These days, investors are far from excited.

In the four-day period (two days before and two days after a company’s earnings release), S&P 500 companies that reported positive earnings surprises saw their stock prices increase by just 0.1%. This is well below the five-year average of 1.1%.

S&P 500 companies that reported earnings below estimates saw their stock prices drop 2.7% in the four-day period. This was a bigger decline than the five-year average of -2.4%.

At its core, this trend is saying that investors aren’t very optimistic. They haven’t really been buying stocks of companies that have shown solid earnings. They have also been punishing companies that have been underperforming.

Go back a few years and they were buying anything and everything. Revenue and profits didn’t matter at all.

Mark these words: this tells us that a stock market crash could become a likely scenario.

Investors Are Ditching Stocks

This isn’t all; it looks like investors have been ditching stocks.

According to the Investment Company Institute (ICI), long-term U.S. stocks, mutual funds, and exchange-traded funds (ETFs) witnessed withdrawals of almost $52.9 billion between January and March of this year. (Source: “Long-Term Mutual Fund and Exchange-Traded Fund (ETF) Flows,” Investment Company Institute, last accessed May 22, 2018.)

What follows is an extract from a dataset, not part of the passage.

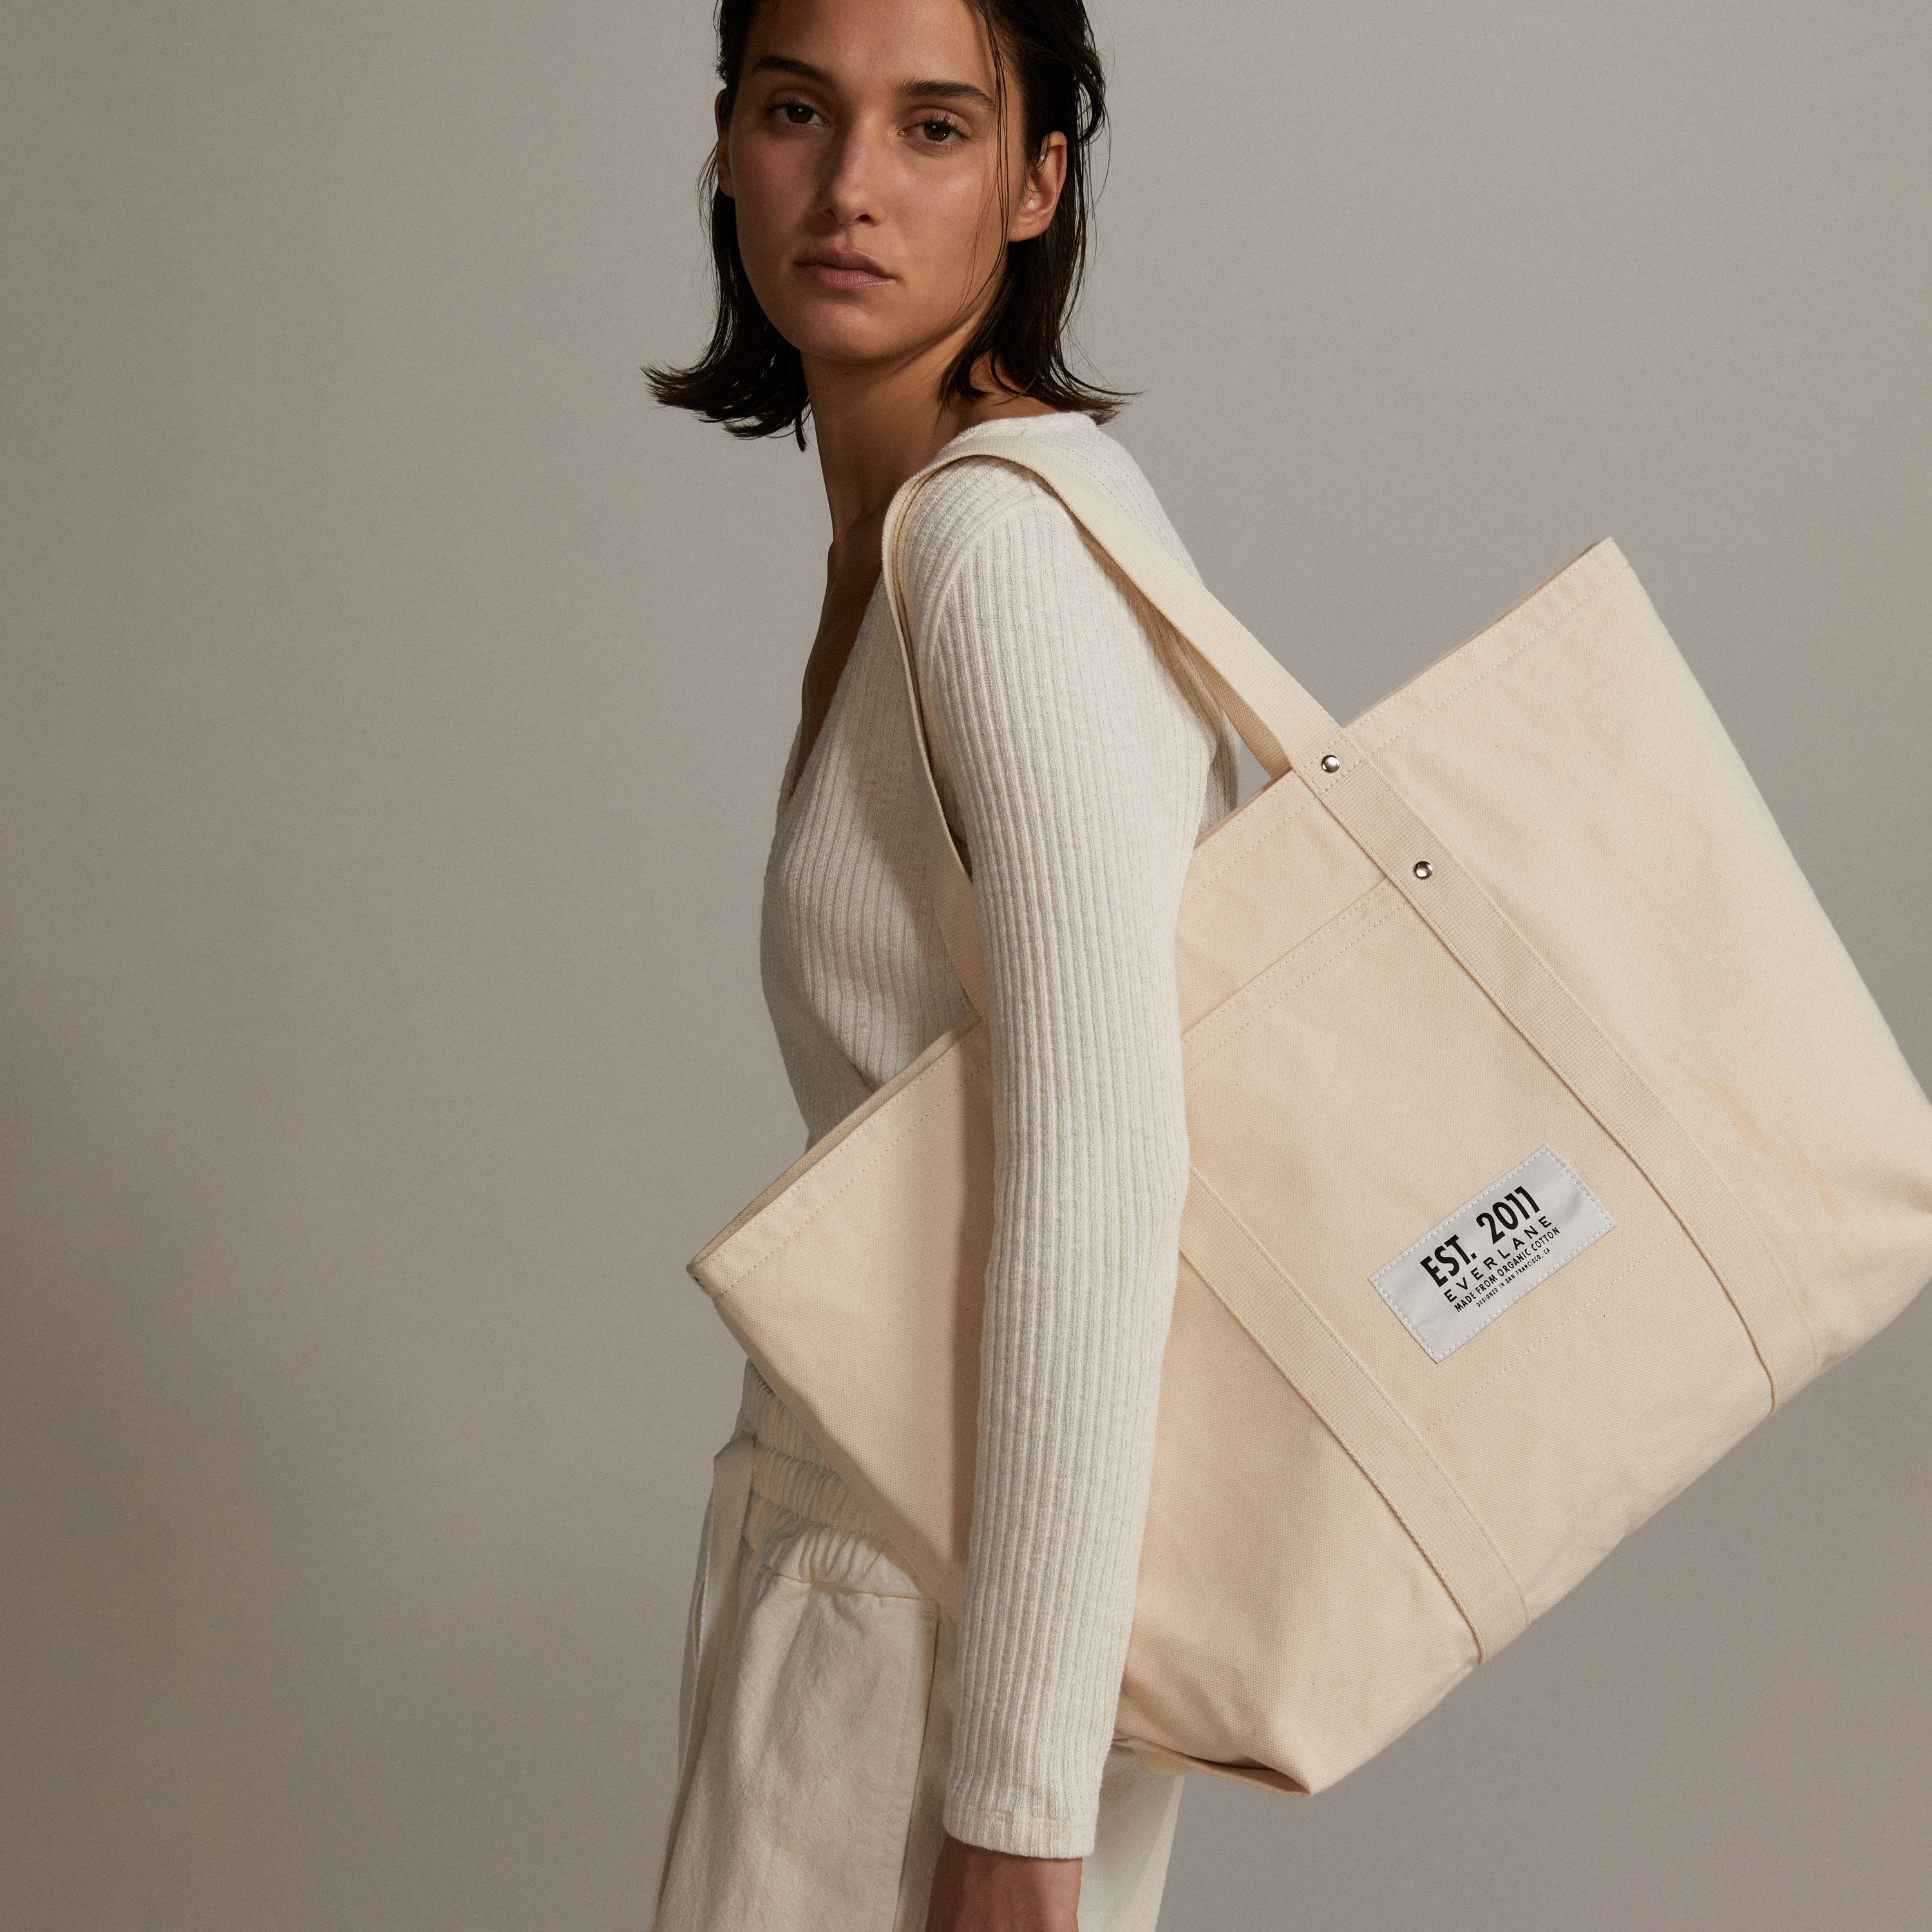 The Organic Canvas Weekender Cappuccino – Everlane

Looking at the weekly data, in April another $8.3 billion were taken out of long-term U.S. stocks, mutual funds, and ETFs.

Are investors anticipating some sort of a stock market crash?

Don’t Get Complacent if You Are Looking to Buy the Dip

Dear reader, key stock indices have had a solid run to the upside over the last few years.

Thanks to easy money and low interest rates from the Federal Reserve, everyone jumped in to buy stocks.

Even companies on the key stock indices became stock pickers; they bought back their own stocks by a very large amount. In 2017, they bought back $519.4 billion worth of their own stocks. (Source: “S&P 500 Q4 2017 Buybacks Rose 6.0% to $137.0 Billion; Full-Year 2017 Fell 3.2% to $519.4 Billion,” PR Newswire, March 21, 2018.)

This amount of money is larger than the gross domestic product (GDP) of a lot of countries.

Looking at how investors have been behaving regarding the earnings surprises, and with withdrawals from mutual funds and ETFs, it’s clear that the excitement isn’t there.

Know this: once the excitement disappears, a stock market crash could follow. Don’t get too complacent if you are “buying the dip” in key stock indices.